### Problem to solve
Reproduce the whole listing below without its pictures, exactly as written.

### Input data
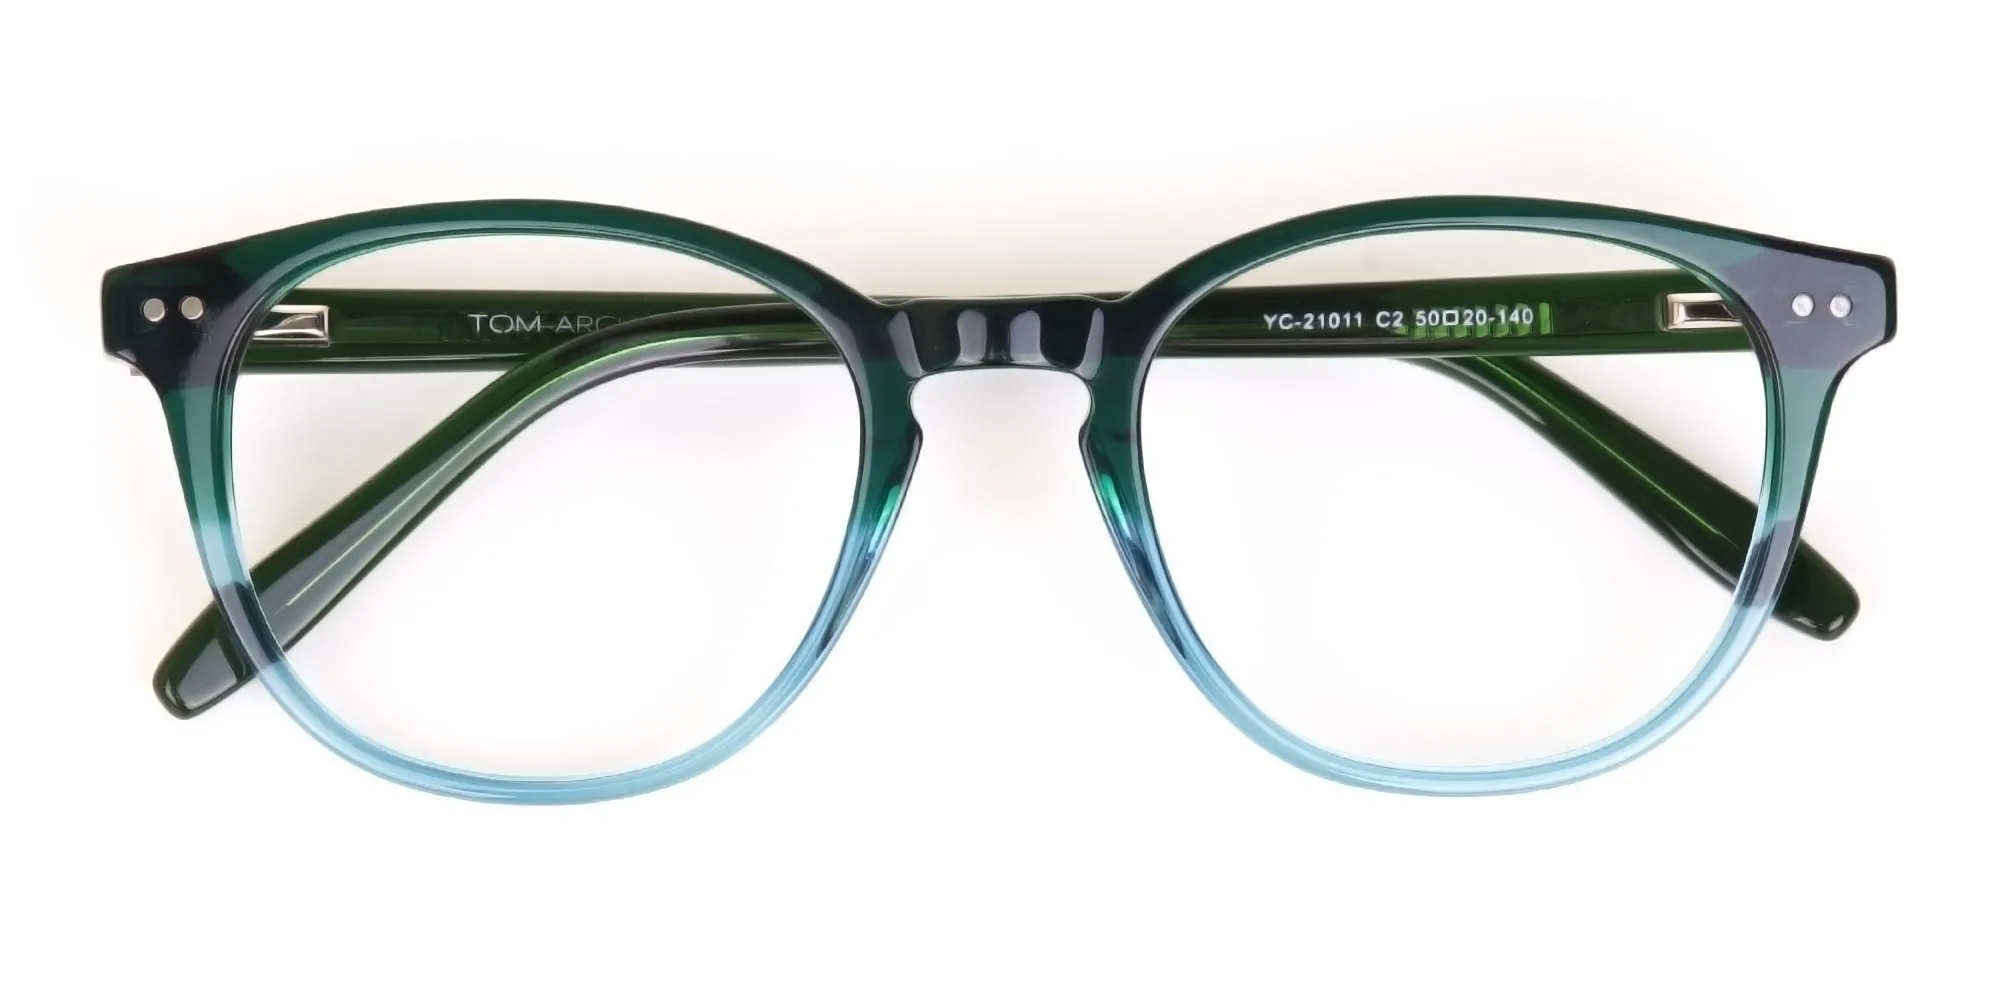 Hunter Green & Teal Two-Tone Glasses-2
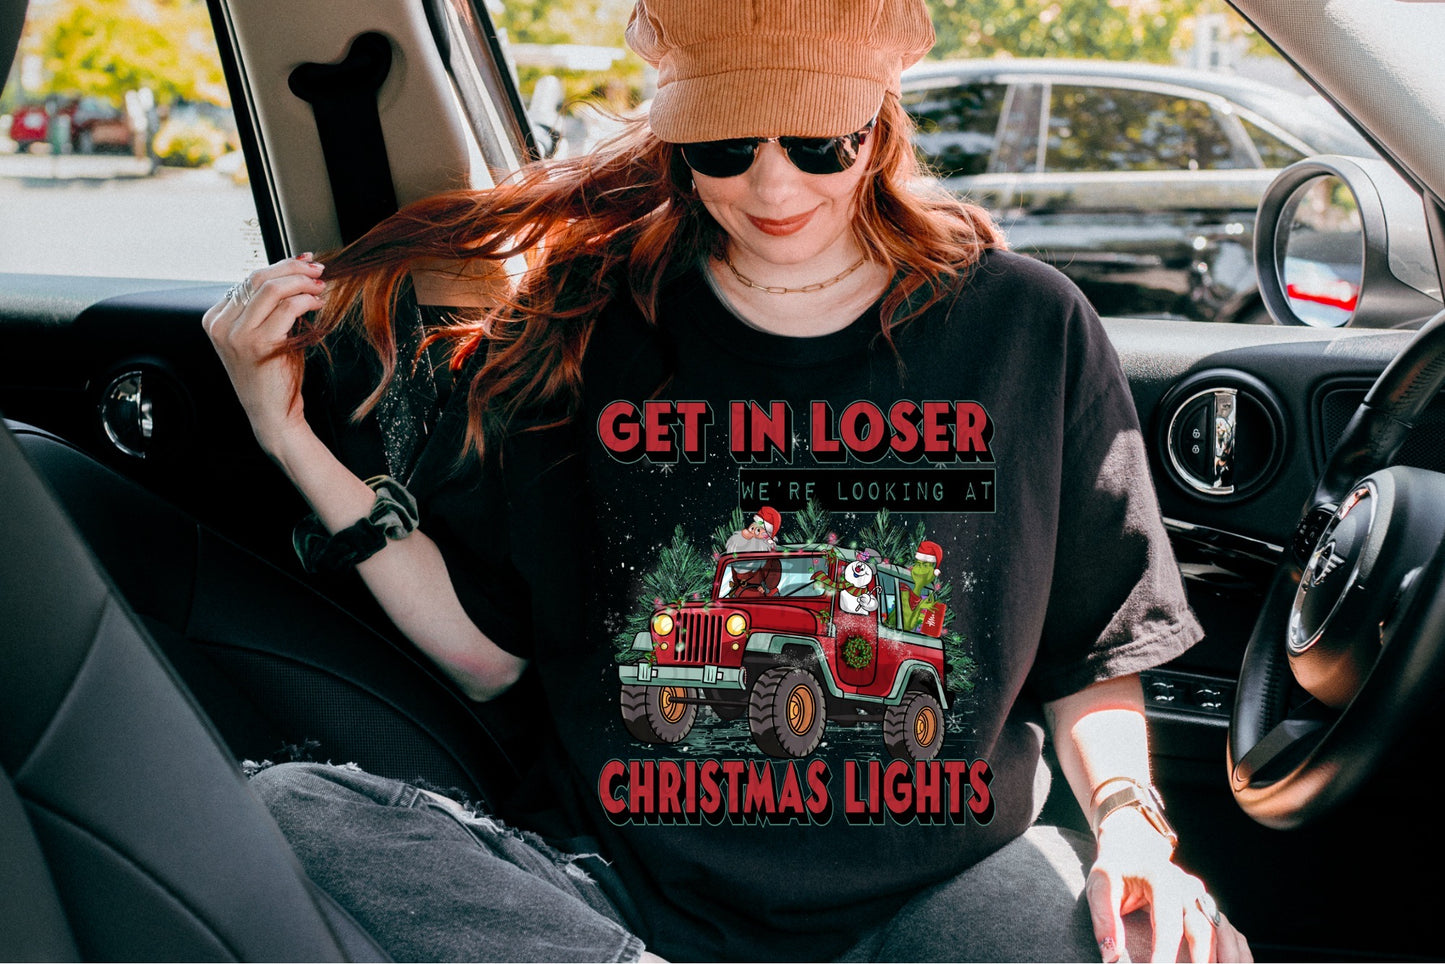 GET IN LOSER WE’RE LOOKING AT CHRISTMAS LIGHTS
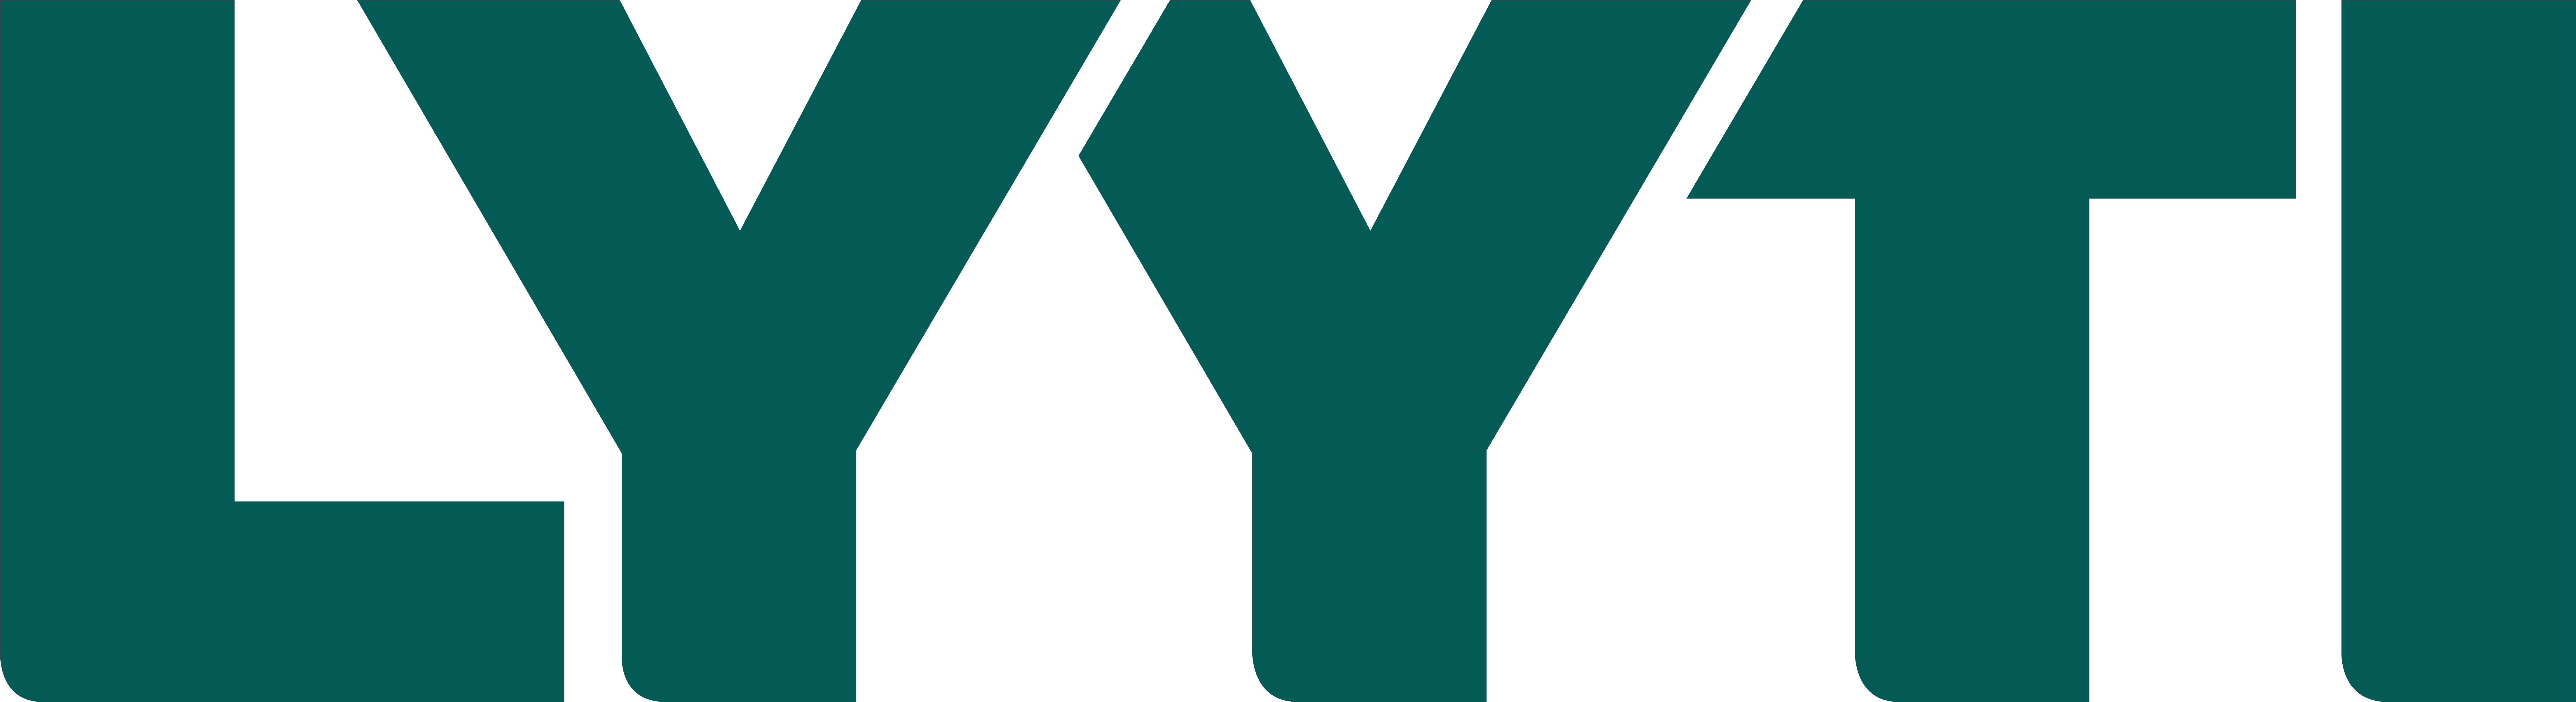 Lyyti-logo-balticsea-RGB (1)
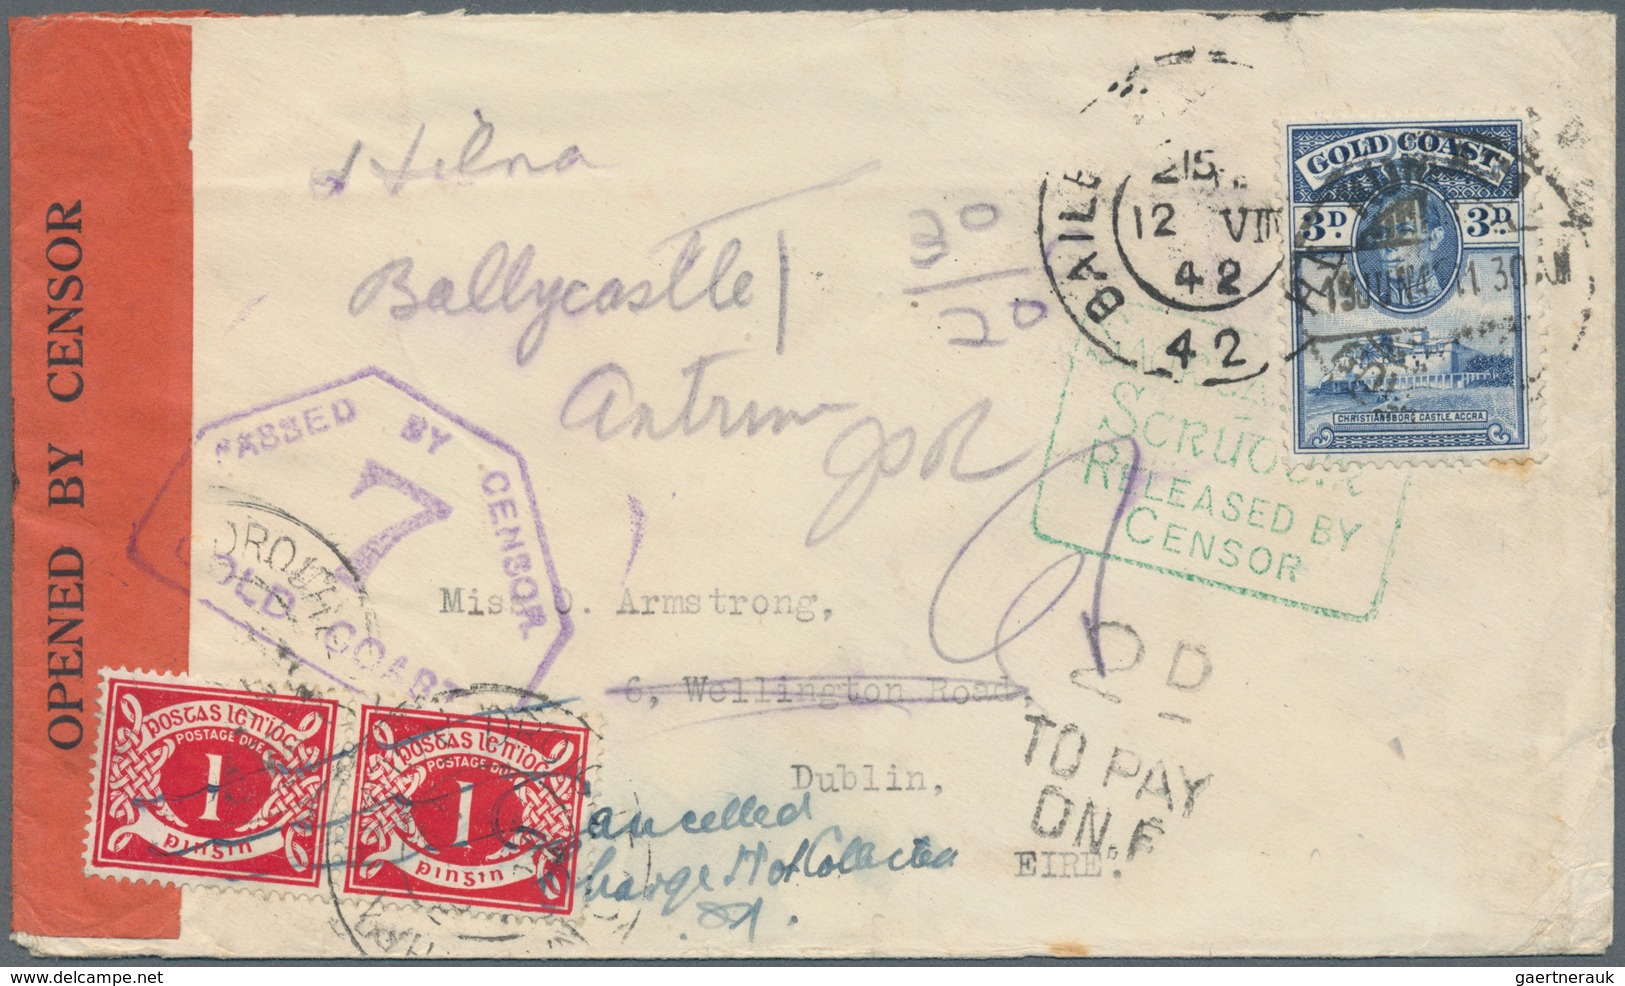 Irland - Portomarken: 1942. Envelope Addressed To Ireland Bearing Gold Coast SG 124, 3d Blue Tied By - Postage Due

### Exercise solution
 Hunter Green & Teal Two-Tone Glasses-2
 GET IN LOSER WE’RE LOOKING AT CHRISTMAS LIGHTS
 Lyyti-logo-balticsea-RGB (1)
 Irland - Portomarken: 1942. Envelope Addressed To Ireland Bearing Gold Coast SG 124, 3d Blue Tied By - Postage Due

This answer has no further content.